YouTube algorithms demonetizes LGBTQ content, Senators want a plan to combat deepfakes, and Smart Summons crashes
Hi beta reader friends, this is where I’ll say something brief and topical. I’m thinking about sending it around this time every Friday and that everything after “More news” will be in the (eventual) paid version. But that’s just the plan today! Send feedback and change my mind.
Big story
YouTube unfairly demonetizes videos that have LGBTQ keywords in the title, according to an investigation done by a group of YouTube creators. When those LGBTQ words were switched out for words like “friend” or “happy,” the videos were able to be monetized. This shouldn’t be a surprise to YouTube: they were sued earlier this year by a group of LGBTQ creators for pretty much this exact same issue.
But don’t worry, it’s the algos fault. A spokesperson said “We use machine learning to evaluate content against our advertiser guidelines. Sometimes our systems get it wrong, which is why we’ve encouraged creators to appeal. Successful appeals ensure that our systems are updated to get better and better.” So, it’s the LGBTQ creators’ responsibility to teach the system not to punish them, not YouTube’s.
More news
Some workplaces are teaching employees about reinforcement learning by training and racing toy-sized self-driving cars. The cars, called DeepRacer, are a project out of Amazon Web Services, and apparently there is a league anyone can join.

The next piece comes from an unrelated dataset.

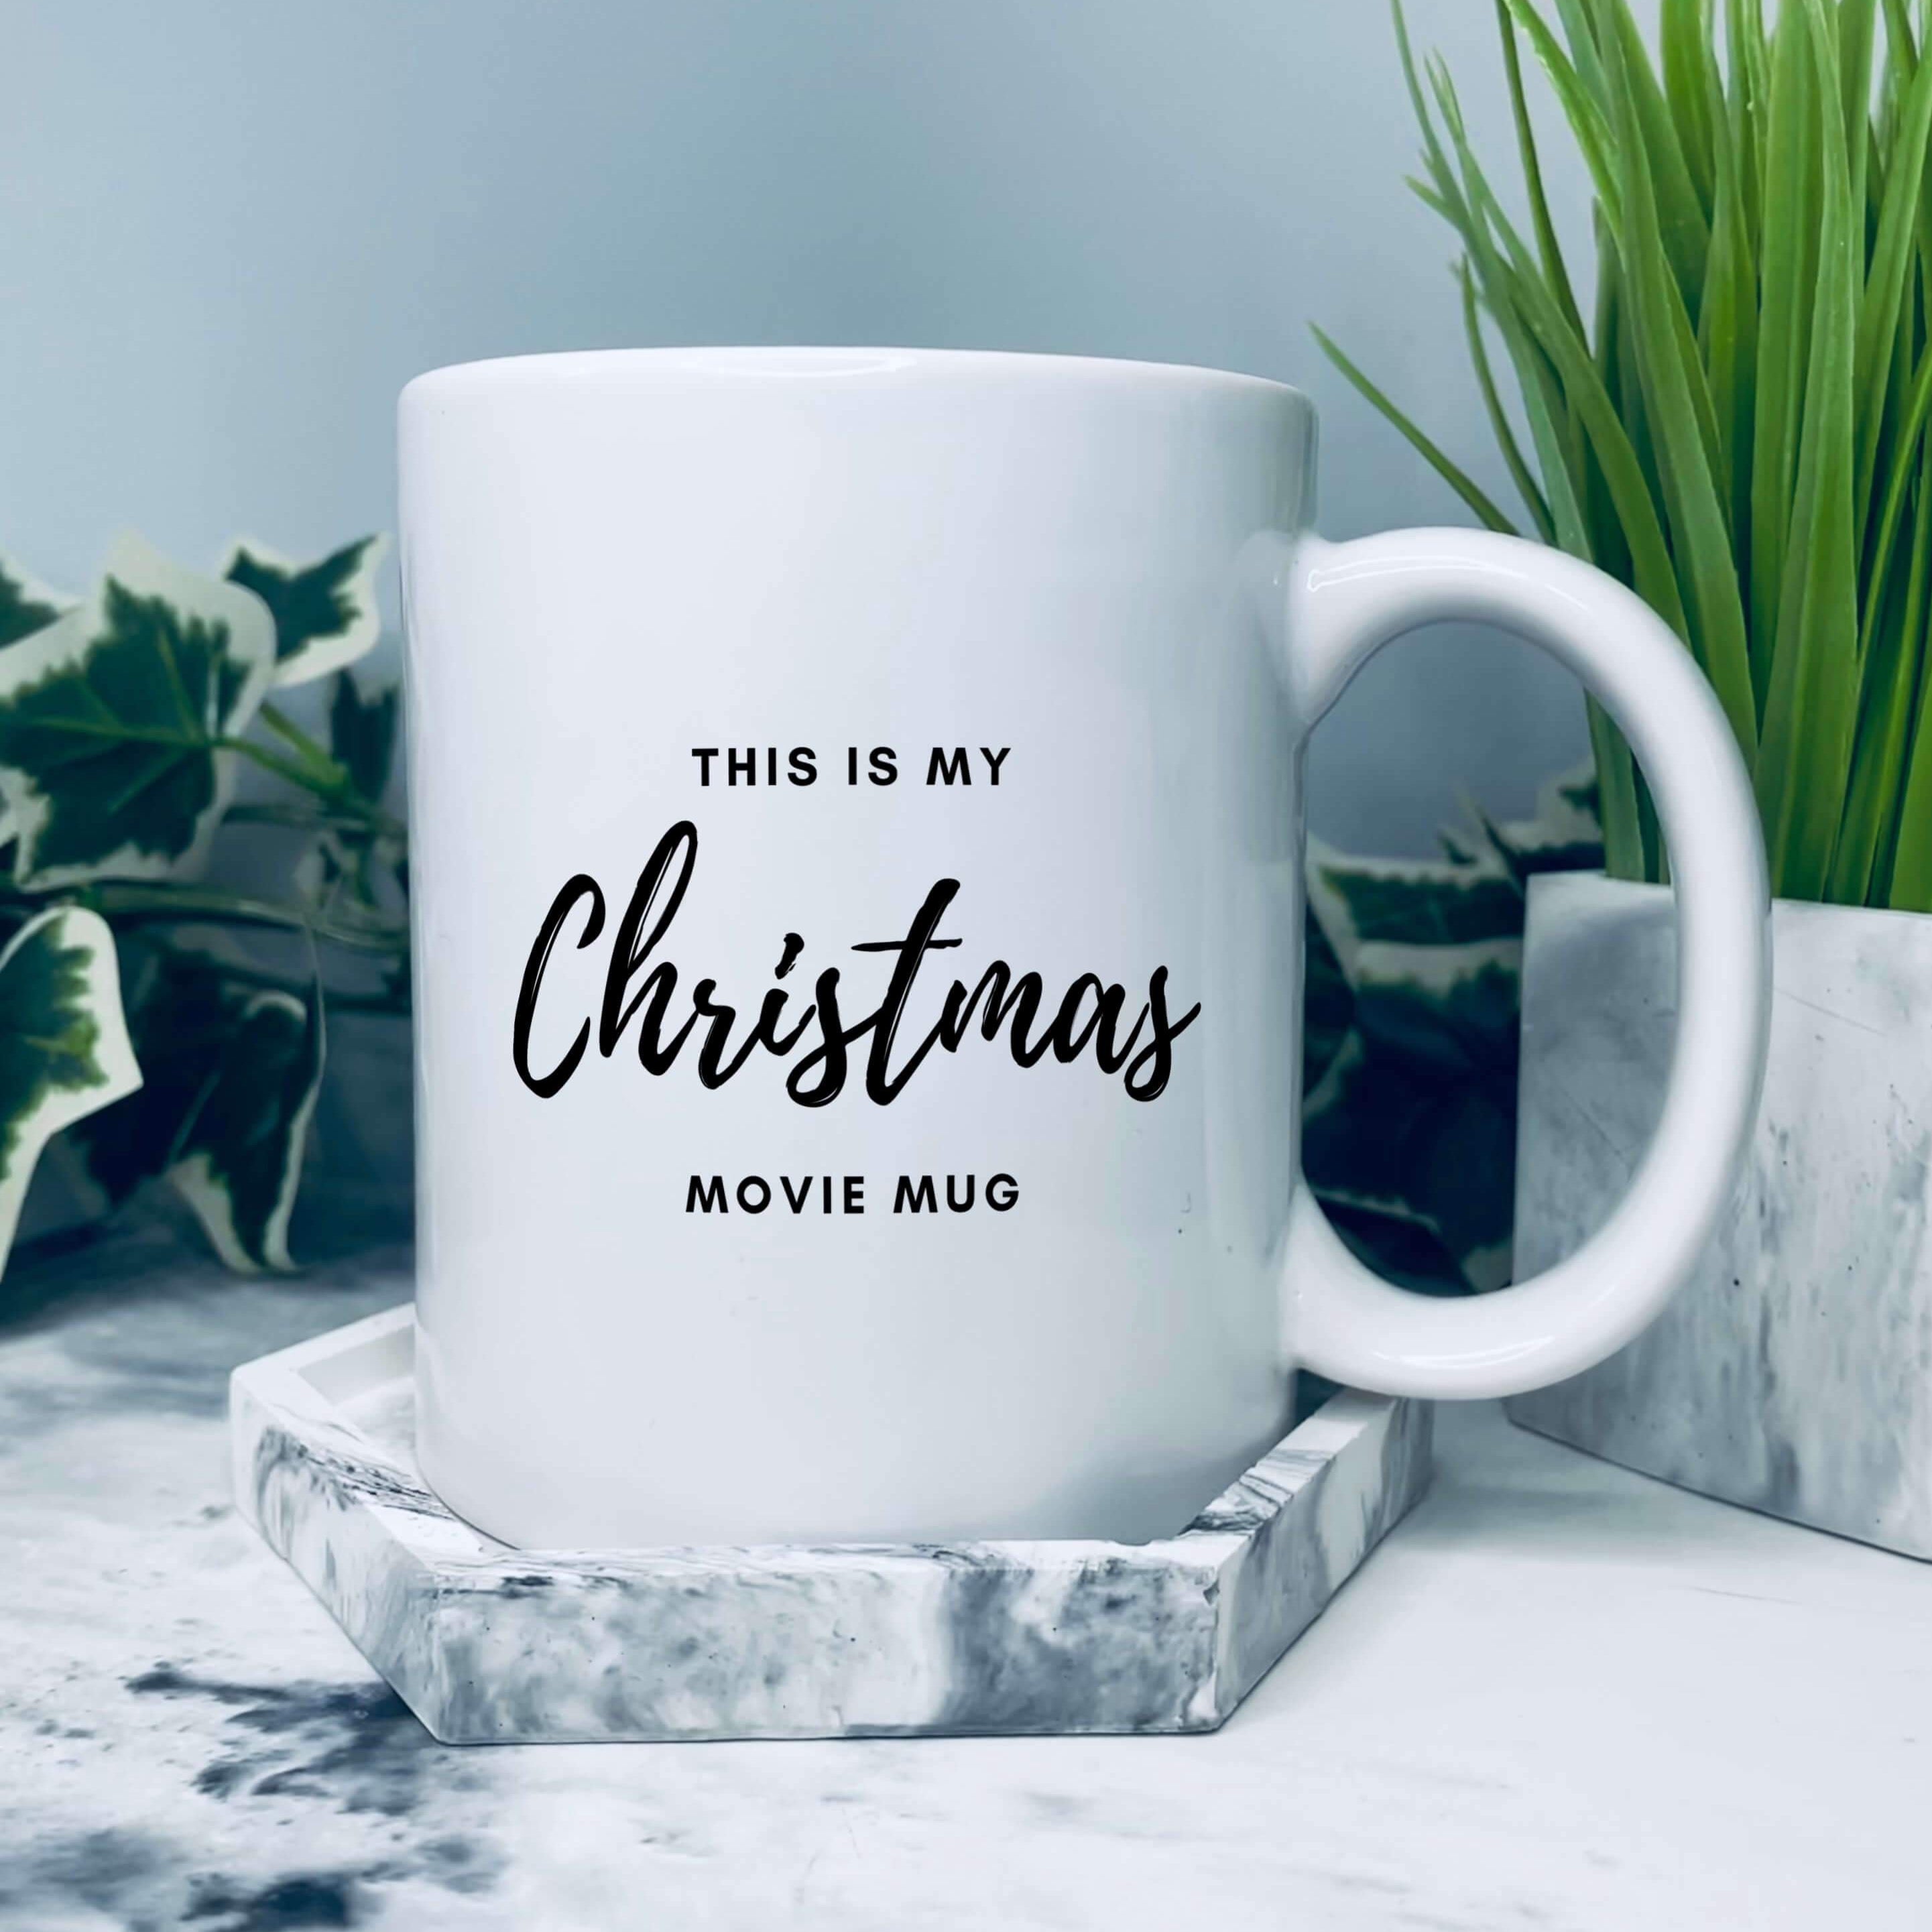 Mug that says: This is my christmas movie mug

France plans to be the first country in Europe to create a national ID program using facial recognition.
If you’re a journalist or anyone else that has to deal with transcribing a lot of audio, you probably already know this: automated transcription software has gotten much better over the last couple of years.
Researchers at Beihang University and Microsoft, China developed a bot to post made-up comments on news articles. The trolls should be thrilled.
Step aside, facial recognition. Body recognition systems are coming to airports, sports venues, and other businesses near you as early as next year. It will work in conjunction with facial recognition systems, with a camera scanning the upper body to create a “body profile” that is tied to a user’s face.
Companies are using emotion recognition tech to see what sort of vacations you might like.
AI-driven investment strategies are not panning out yet.
Democratic Senator Mark Warner of Virginia and Republican Senator Marco Rubio wrote a letter to a bunch of tech companies to ask them to do something about deepfakes.
Last week, Teslas got an update called “Smart Summons,” letting owners call their car to drive to them when its 200 feet or fewer away with a tap on a phone —and regulators are already looking into crashes.
Speaking of self-driving cars, Silicon Valley residents don’t want them in their neighborhoods.
Google knows its face recognition software didn’t work great on people with darker skin. So they hired contractors to go out to scan faces from people on the street. Those who consented, which included targeted groups like homeless encampments and college students, got a $5 gift card as a thank you.
Quote Unquote
“AI could become a digital library for the world’s knowledge to date—and we will all have library cards.”
-From "Can Fiction Introduce Empathy Into AI? Do We Want It To?” on Lithub
Datapoint of the week
7 percent
The drop in the labor share, from 63 to 56 percent, from 2000 to last year. Researchers at the Fed say automation is partly to blame.
Prospecting ArXiv
Optical character recognition has been around for Latin script languages for two decades, with MNIST being one of the classic datasets behind machine learning. Most other written languages have not had nearly the same amount of work done, including Amharic, Ethiopia’s official language and used by 22 million people. A paper published this week shows how the researchers went about using a convolutional neural network (CNN) to recognize handwritten Amharic for the first time.
The researchers had to put together a dataset of over a million images of handwritten characters (shown above), a time-consuming and tedious task. But they also wrote that without doing anything too fancy with the setup, they were able to achieve a “reasonable” recognition result. This sort of work goes to show that there is still a lot of low-hanging fruit for AI to tackle, especially in developing countries.